While large spreads of federal lands technically may be open for oil and natural gas exploration, producers still are prevented from drilling on them because of restrictions in their leases and a severe backlog of drilling permitting requests, the president of the American Petroleum Institute (API) said last week.

Industry critics fail to acknowledge that there are major obstacles to developing trillions of cubic feet of natural gas that lie beneath nearly half of all federal lands in western states, API’s Red Cavaney said in a March 27 letter to Rep. Barbara Cubin (R-WY), chair of the House Resources Subcommittee on Energy and Mineral Resources.

He argued that members of the Natural Resources Defense Council (NRDC) and the Wilderness Society during a March 15 hearing of the subcommittee provided “significant distortions” in their calculations of the amount of federal lands that are off-limits to producers.

“Importantly, they gloss[ed] over the most significant point: the percentage of government lands available for leasing is a meaningless figure without knowing whether the leases can be developed,” Cavaney wrote.

The NRDC and Wilderness Society officials “surgically selected certain data, and omitted other significant data to attempt to prove their inaccurate assertions,” he said. For example, the Wilderness Society estimated that only about 3.5% of the federal lands in certain western states under the supervision of the Bureau of Land Management (BLM) are closed to producers. But, Cavaney noted, it failed to point out that the National Petroleum Council (NPC) has identified another 3.2% of BLM lands that are subject to “no surface occupancy.” The combined 6.7% represents 15% of all the natural gas resources on BLM lands.

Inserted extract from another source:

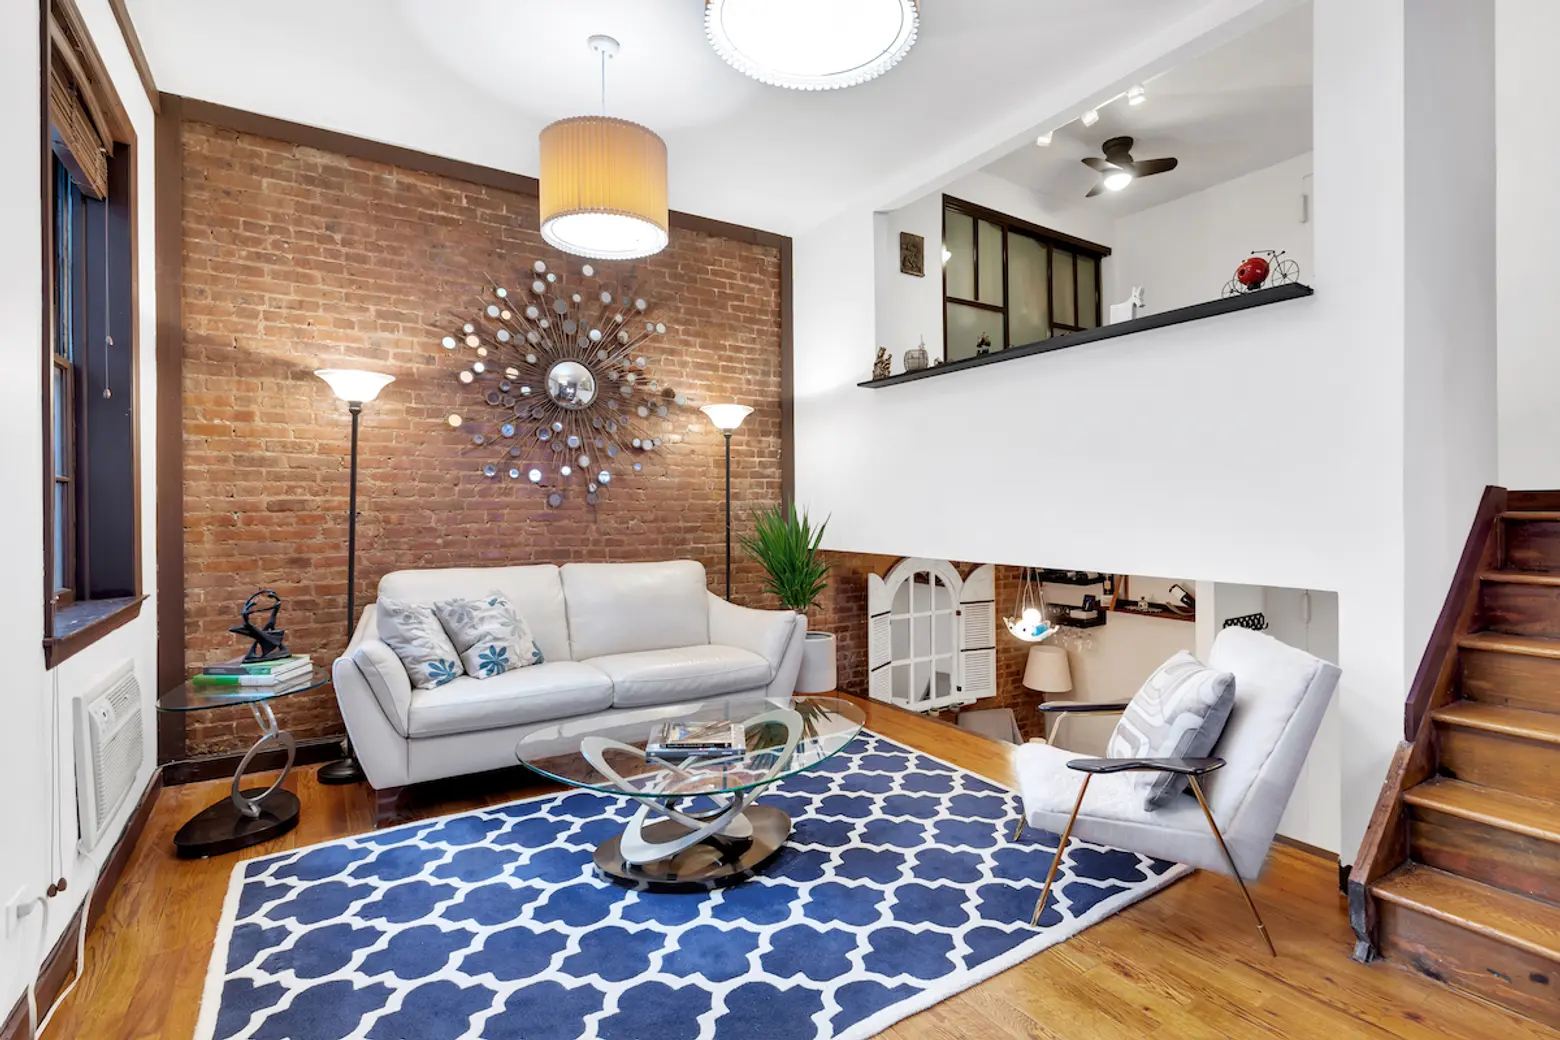 This Upper West Side brownstone co-op gives you three levels to love for $725K

Once lease restrictions are factored in, the society conceded that producers are denied access to another 32% of BLM lands. But it neglected to report that these lease limitations — seasonal and other non-standard stipulations in leases — are responsible for taking about 47% of the gas resources under BLM’s control off the table for producers, Cavaney said. Even more telling, he noted, is that 38.7% of all BLM lands are either off-limit lands or are subject to lease restrictions, which affects 62% of the gas resources on BLM-supervised lands.

Moreover, he said that the BLM wasn’t the only federal agency putting restrictions on producers. There are the U.S. Forest Service, the Bureau of Indian Affairs and the departments of Energy and Defense. The NPC estimates about 137 Tcf of gas resources that lie beneath federal lands in the Rockies are either off limits to exploration or are heavily restricted, Cavaney said. This is nearly half of the natural gas resources on all federal lands in the region, he noted.

Also, “inadequate agency resources in many BLM offices and required but outdated resource management plans often make it difficult to get drilling permits, seriously delaying viable projects for up to 100 days or sometimes years,” according to Cavaney. “In the Rawlins, WY, BLM office, for example, thousands of applications for permits to drill are awaiting action because of manpower shortages. In the Buffalo, WY, office, thousands more cannot even be submitted because the resource management plans for the coal-bed methane plays in the area are woefully out of date.”